Was Zuroff als demonstrativen Schulterschluss mit der örtlichen jüdischen Gemeinde geplant hatte, verwandelte sich vor den Augen der Journalisten in einen offenen Streit: Der Vorsitzende der jüdischen Gemeinde zog seine Unterstützung Zuroffs zurück und stellte klar, dass Lettlands jüdische Bürger nichts zu tun hätten mit dieser Kampagne.

Zuroff findet auch bei solchen Sätzen keinen weicheren Ton: 'Ich kann mir diesen plötzlichen Sinneswandel nur mit der Befürchtung erklären, dass unsere Kampagne eine neue Welle des Antisemitismus in Lettland auslösen würde.' Er macht eine Rechnung auf. Das Risiko, in Lettland eine kleine Menge Antisemitismus zu 'verursachen', wie er sagt, sei es dem Wiesenthal Center allemal wert gewesen, wenn man Geschichtsfälschern im Baltikum langfristig einen Schlag versetzen könne.

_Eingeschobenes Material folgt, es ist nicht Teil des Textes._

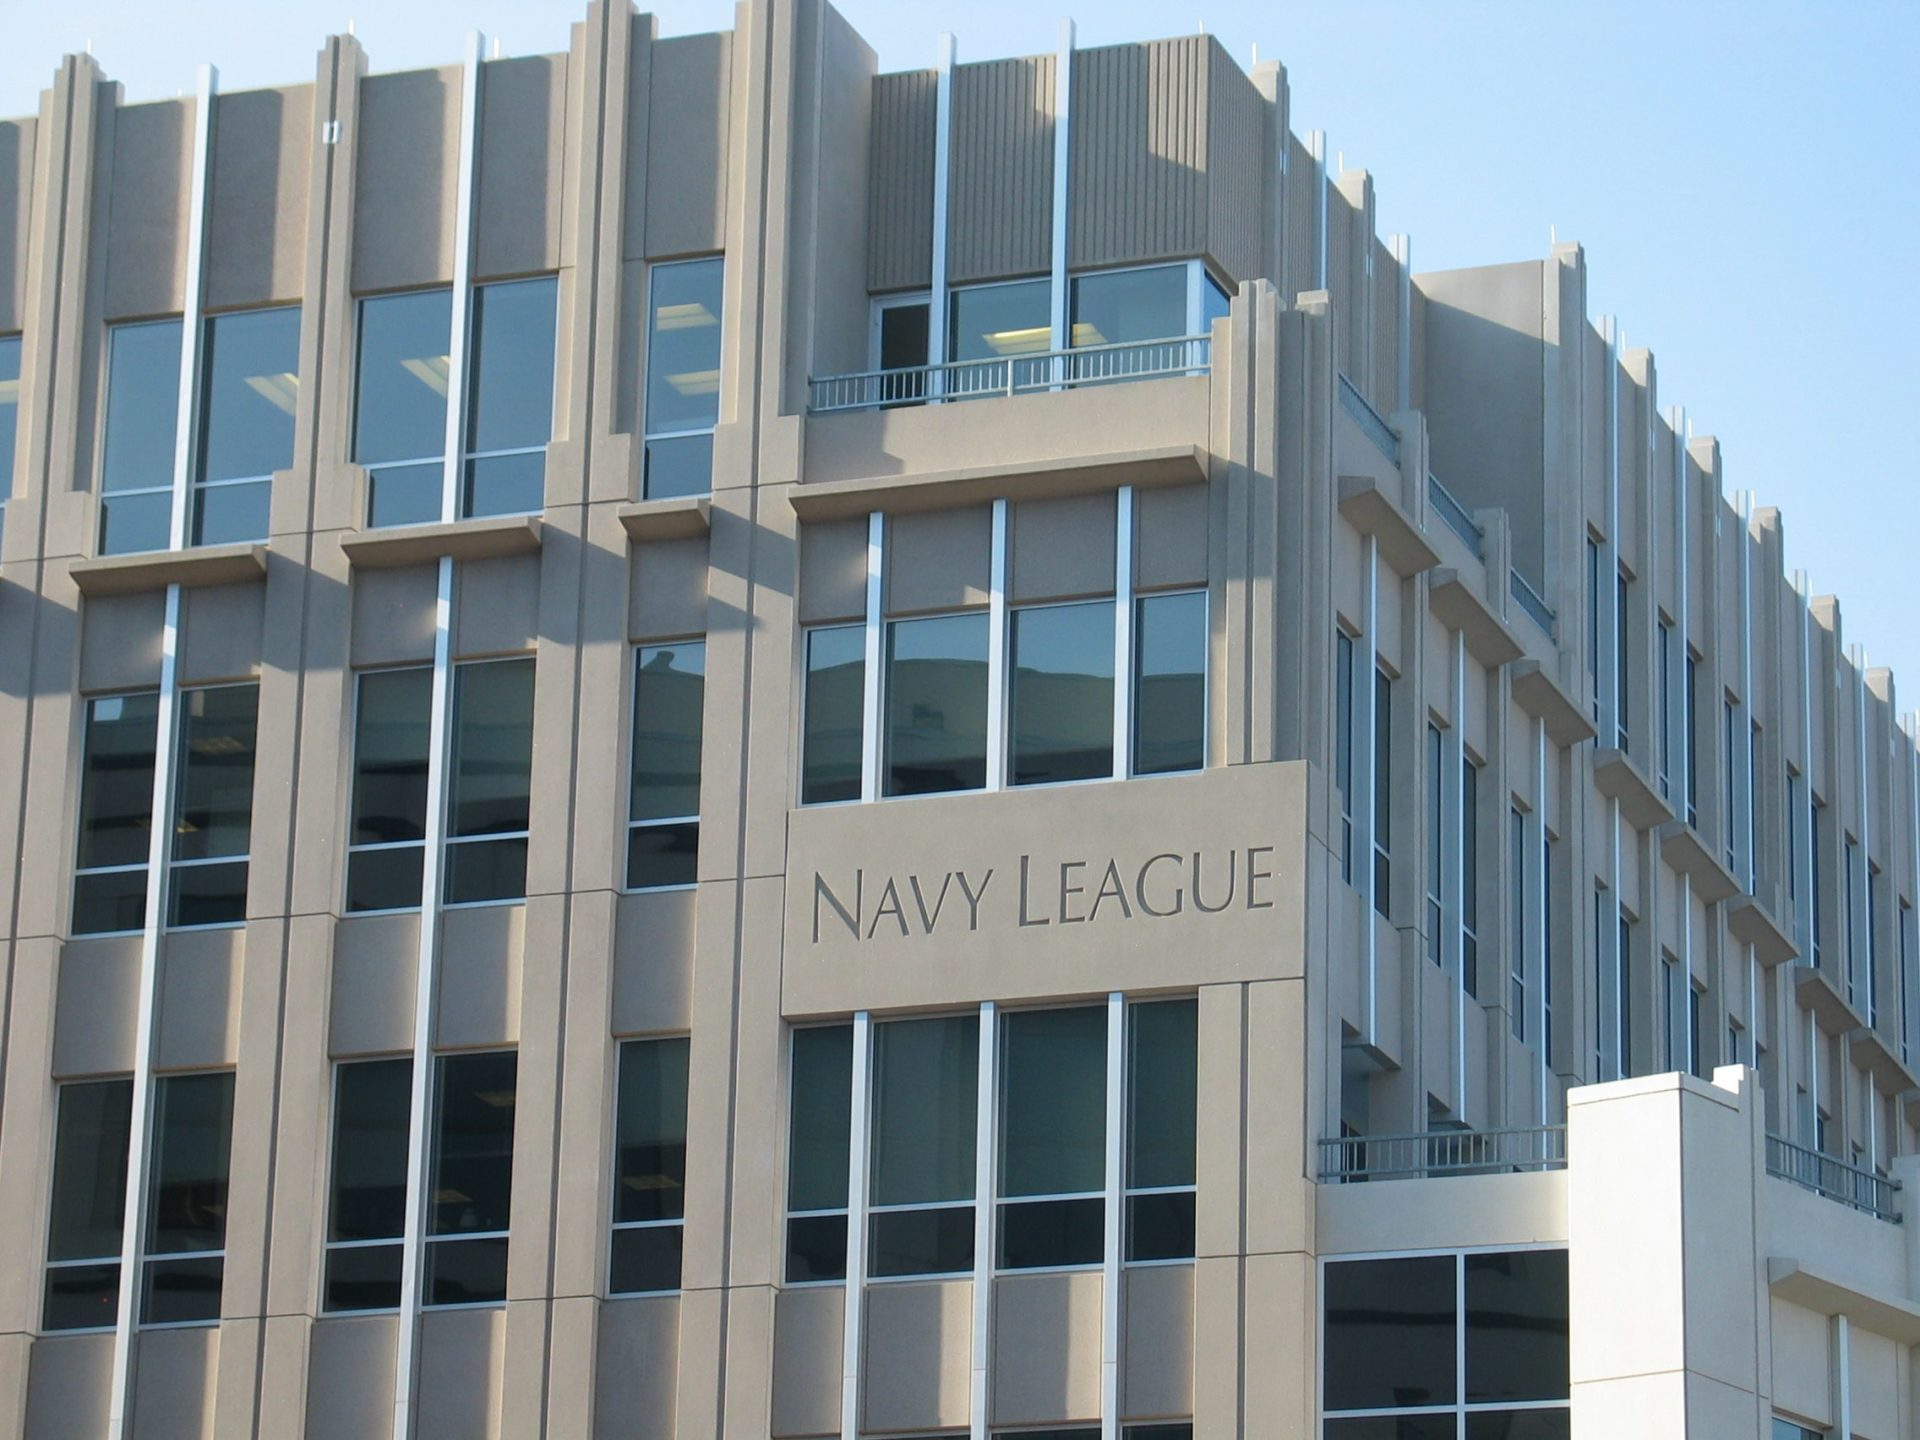 Navy League, Arlington, VA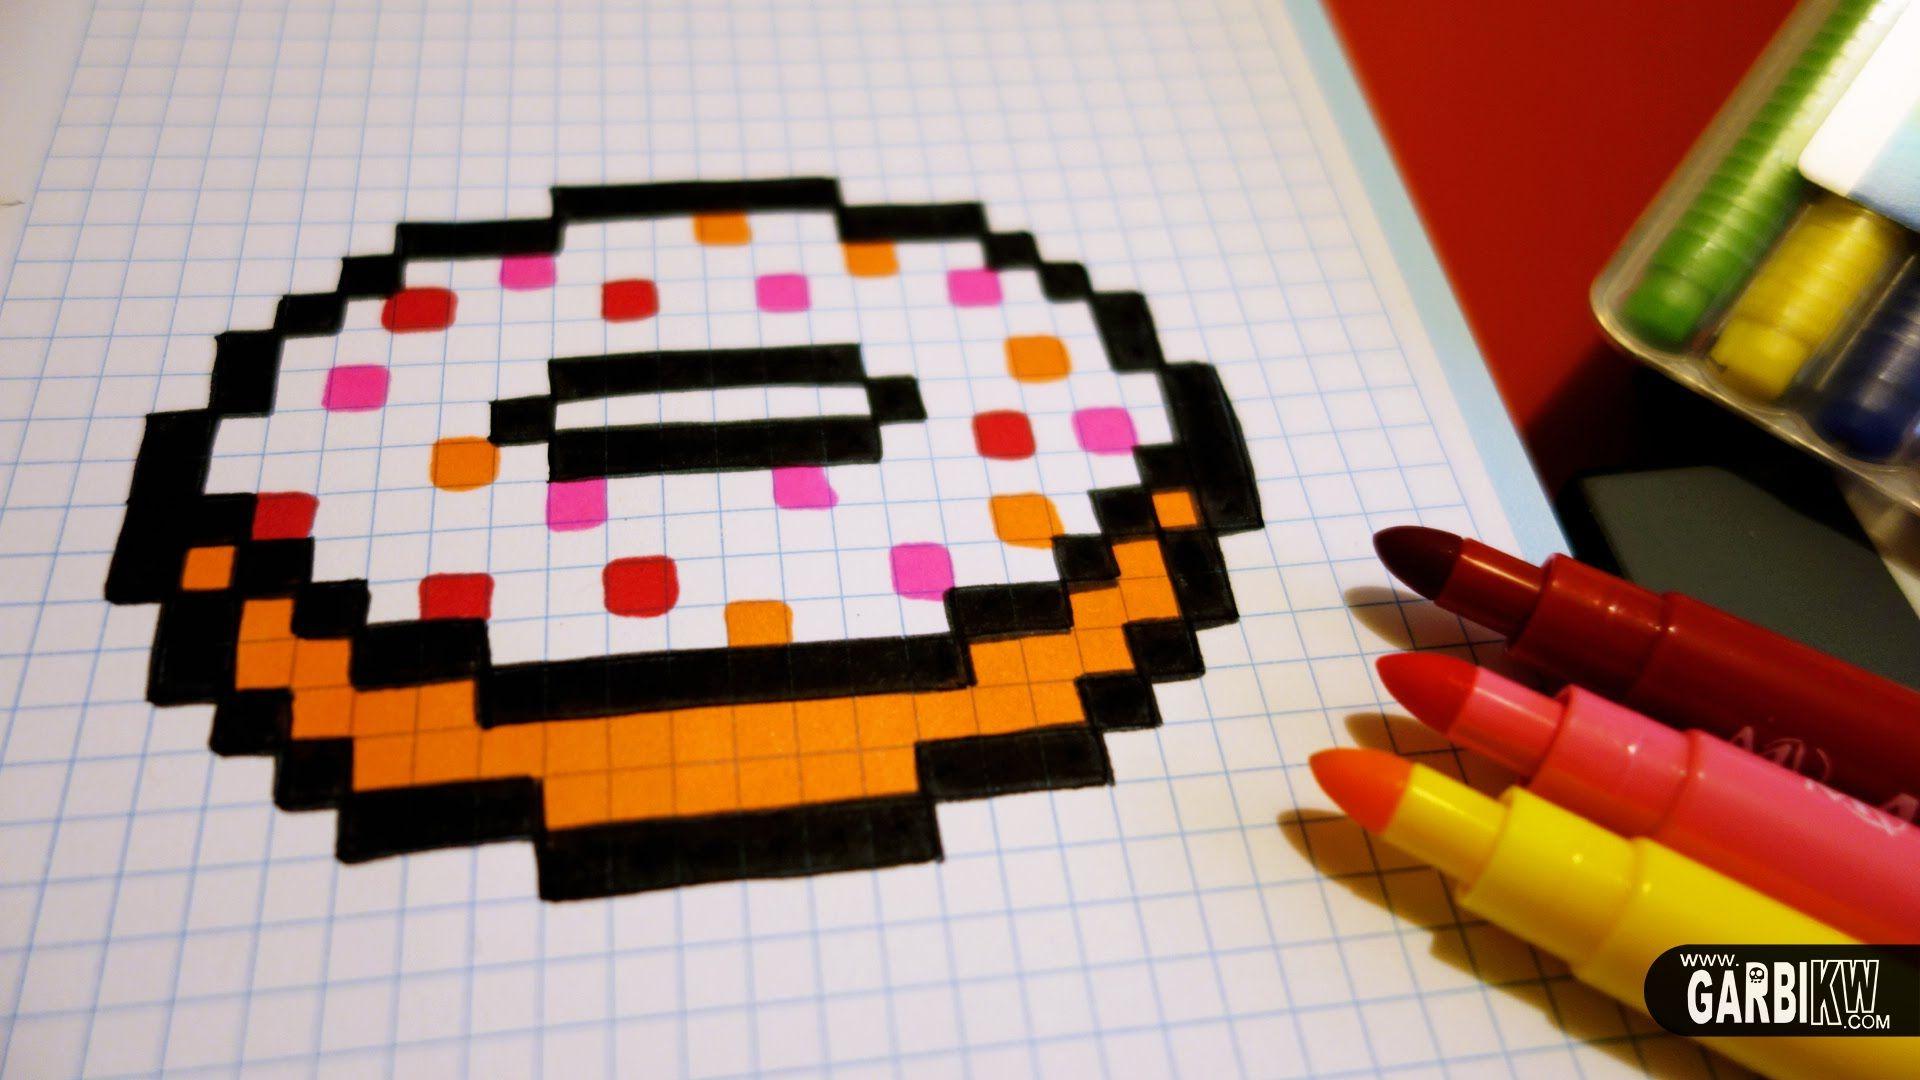 Handmade Pixel Art How To Draw A Kawaii Donut By Garbi Kw

Das sagt einer, der anschließend zurück ins warme Israel flog, wo die Zeitungen ihn mögen, er als angesehener Bürger und inzwischen als Großvater in einer Siedlung im Westjordanland lebt und wo jüdische Friedhöfe, anders als in Europa, keinen Graffiti-Entferner vorrätig zu halten brauchen. Der Vorkämpfer, der selbst im Trockenen sitzt - im Baltikum nahmen sie ihm das übel.

Der deutsche Zentralrat der Juden ließ es Zuroff gar nicht erst versuchen, in Deutschland eine ähnliche Anzeigenkampagne zu starten. Vor allem gegen die Idee eines 'Kopfgelds' verwahrte man sich. So nennt Stephan Kramer, der Generalsekretär des Zentralrats, die Belohnung für sachdienliche Hinweise, die das Wiesenthal Center ausloben wollte. 'Der große Stephan Kramer', spottet Zuroff.

Er lehnt sich nach vorne und spricht jetzt ganz langsam, als erkläre er das kleine Einmaleins der Öffentlichkeitsarbeit: Ohne das Geld wäre dieser Kampagne nie eine vergleichbare Aufmerksamkeit in den Medien zugekommen. Selbst die kurzfristige aufgeregte Debatte sei ihm da durchaus zupass gekommen, glaubt einer, der ihn seit langem kennt.

Aus Estland, Lettland und Litauen erreichten das Wiesenthal Center damals tatsächlich Hunderte Briefe mit Zeugenaussagen, meist handschriftlich, oft seitenlang. Auf eine Belohnung verzichteten fast alle.

In insgesamt 101 Fällen sind auf diese Weise in ganz Europa Informationen gesammelt worden, die das Wiesenthal Center für ausreichend stichhaltig hielt, um einen bislang unbehelligten Verdächtigen anzuklagen. In allen 101 Fällen wurden die Hinweise an die zuständigen Behörden weitergeleitet.

'Im Nachhinein betrachtet, wäre es vielleicht richtig gewesen, die Kampagne zu unterstützen', sagt Stephan Kramer vom Zentralrat der Juden heute. 'In der Zwischenzeit hat es ja einige neue Beispiele dafür gegeben, dass es nicht zu spät ist, um in Deutschland Täter vor Gericht zu bringen. Vielleicht wären es dann heute mehr.'

'Was für ein tolles Timing!' ruft Zuroff, als er das hört und freut sich über seinen eigenen Witz. 'Als wir Kramer brauchten, war er nicht da. Aber jetzt sind plötzlich alle auf unserer Seite.' Es klingt nicht, als hätte er darauf gewartet.